Keep in mind that certain herbal supplements, such as St. John’s Wort, should be avoided if you have the implant. You should speak to your doctor about any medications that might interfere with the efficacy of the implant.

Most importantly, you should not have unprotected sex for at least 3 weeks before having the implant.  The implant can be inserted at any time during your menstrual cycle if you are not pregnant. If the implant is inserted during the first 5 days of your menstrual cycle, you will be immediately protected against becoming pregnant. If it is fitted afterwards, you will not be protected against pregnancy for up to 7 days.

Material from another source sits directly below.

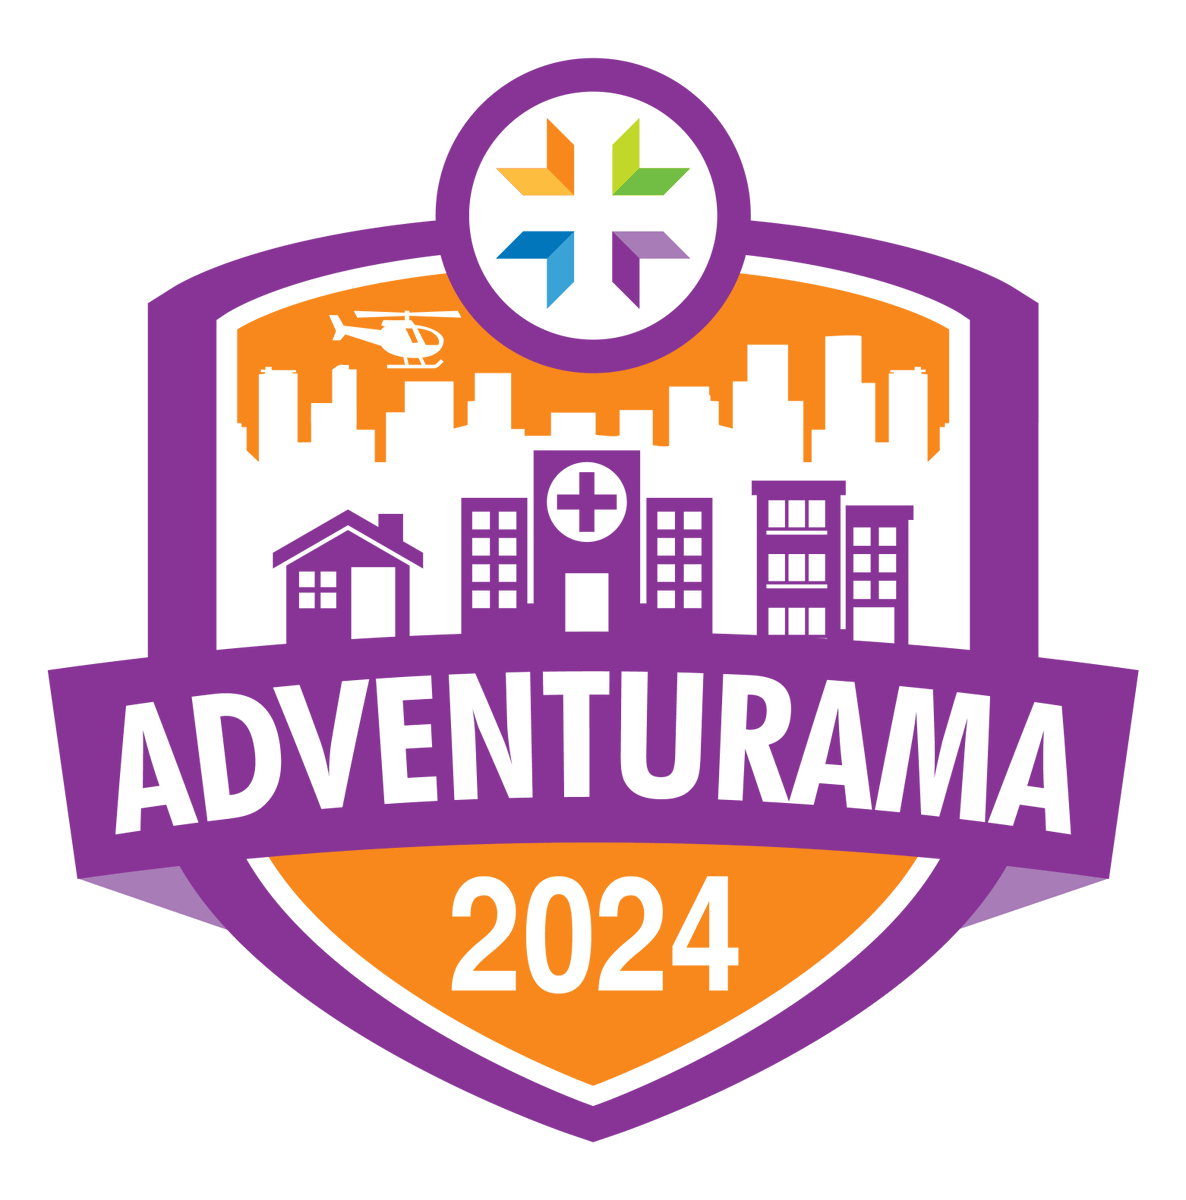 Thank you to the many event sponsors joining us on our adventure on June 8. Thank you Perkins&Will, MN Vikings, and Vervint for you recent support. Visit hennepinhealthcare.org/rama24 to form a team, volunteer or donate.

You can have the implant fitted 3 weeks after you have given birth. It is safe to have an implant fitted while you are breastfeeding. You can have the implant fitted immediately after a miscarriage or an abortion and will be protected against pregnancy immediately.

How Is A Contraceptive Implant Inserted?

The contraceptive implant is fitted by a specially trained medical professional. The procedure only takes a few minutes, and you should only feel slight discomfort - if any. Before inserting the implant, your healthcare provider will apply local anaesthetic to numb the area of insertion on your upper arm.

The small wound made in your arm is closed with stitches. An adhesive bandage and a tight (pressure) bandage will be placed over the site. This helps reduce swelling and bruising. It is normal to feel some bruising, tenderness or swelling around the implant but these symptoms should pass within a week.

After The Contraceptive Implant Is Inserted

You should ask your doctor if you need to use a birth control method, such as a condom, for a week after insertion. This will be determined by where you are in your cycle.

You can remove the pressure bandage after 24 hours but need to keep the area dry. You should continue to keep an adhesive bandage on the site for 3 to 5 days after the procedure. If you experience pain, use an ice pack, or take an over-the-counter pain medicine.

During the first few months after the procedure, you may experience temporary side effects such as headaches, nausea, breast tenderness and mood swings. These should settle after a few months.

In the first year after the implant is inserted, your periods may become irregular, lighter, heavier, or longer. This is nothing to worry about and will usually settle down after a few months. There is no evidence to show that you will gain weight with the implant.

The implant can be removed at any time by a specially trained doctor or nurse. It is a quick and nearly painless procedure that only takes a few minutes to remove. Once the implant is removed your natural fertility will return and you will no longer be protected against pregnancy.